1. Dalle collaborazioni coordinate e continuative al lavoro a progetto

2. Il lavoro a progetto: il progetto, programma o la fase di esso

3. Le ipotesi “escluse”ex art. 61 Dlgs. 276/2003

4. Le collaborazioni con la Pubblica Amministrazione

5. La prassi in materia di lavoro a progetto

6. Lavoro a progetto nei call center: il caso Atesia

7. La giurisprudenza e l’art. 69 del Dlgs. 276/03

8. Le novità della “riforma 2012”

9. Riflessioni conclusive

Bibliografia 

1. Dalle collaborazioni coordinate e continuative al lavoro a progetto.

Le prime tracce delle collaborazioni coordinate e continuative risalgono all’art. 2 della legge n. 741/1959, sul tema dei “minimi di trattamento economico e normativo dei lavoratori”.

In esso sono indicati come meritevoli di tutela, in materia di trattamenti minimi economici dei lavoratori, anche “i rapporti di collaborazione che si concentrino in una prestazione d’opera coordinata e continuativa”[1].

La materia è successivamente oggetto di osservazione in occasione della riforma del processo del lavoro, operata dalla legge n. 533 del 1973, che inserisce nella disciplina processuale del rito del lavoro una serie di rapporti che hanno ad oggetto prestazioni di facere secondo lo schema generale del lavoro autonomo, ma che se ne differenziano per determinate modalità di svolgimento del rapporto lavorativo, quali la continuità, la coordinazione e la personalità della prestazione.

Siffatti caratteri vengono interpretati dal legislatore come sintomo di una situazione di debolezza economica di una parte contrattuale rispetto all’altra, inducendolo a prevedere una più efficace tutela sul piano processuale, contenuta nella norma di cui all’art. 409, n. 3, c.p.c..

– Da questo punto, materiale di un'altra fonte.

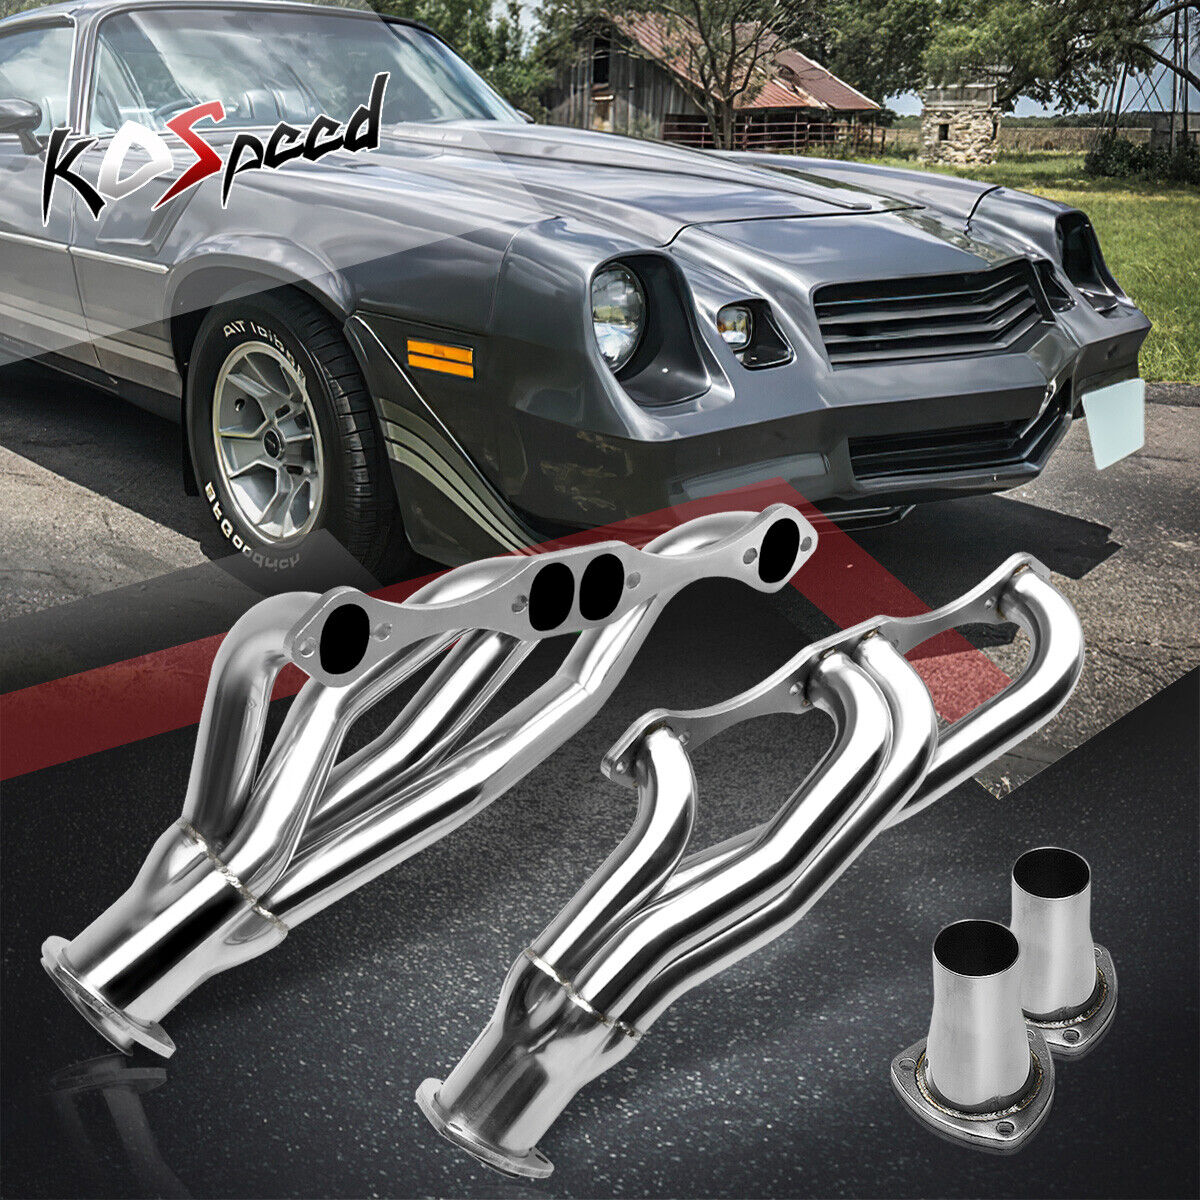 A/F/G BODY STAINLESS STEEL CLIPSTER HEADER EXHAUST FOR 64-88 SMALL BLOCK V8

La locuzione “…altri rapporti…” individua nuove relazioni di lavoro personale e continuativo, che vanno a comporre la cosiddetta “zona grigia” delle co.co.co, caratterizzate proprio dalla continuità, dalla coordinazione e dal carattere prevalentemente personale della prestazione lavorativa.[2]

In particolare, il termine “opera” della norma processuale è seguito dal requisito della continuità.

La giurisprudenza di legittimità ha precisato che tale elemento ricorre tutte le volte in cui vi sia una prestazione d’opera non meramente occasionale ed istantanea, ma destinata a protrarsi in un arco temporale indeterminato o, comunque, apprezzabilmente lungo, tale da dar vita ad una reiterazione della prestazione[3].

Proprio per la circostanza che in tali rapporti l’adempimento non è istantaneo ma prolungato nel tempo, una parte della dottrina ritiene si tratti di contratti di durata in senso tecnico, riconoscendo nella continuità un elemento essenziale del contratto, predisposto per soddisfare un interesse durevole del creditore.

Altra dottrina, invece, interpreta la continuità come “un mero dato empirico”, per cui, pur includendo nelle co.co.co. rapporti di lavoro che si prolungano nel tempo, ne esclude la qualifica di rapporti di durata.

Individuare un rapporto come contratto di durata comporta conseguenze sia rispetto al tipo di obbligazione che il prestatore è tenuto ad eseguire, sia rispetto alla causa del contratto.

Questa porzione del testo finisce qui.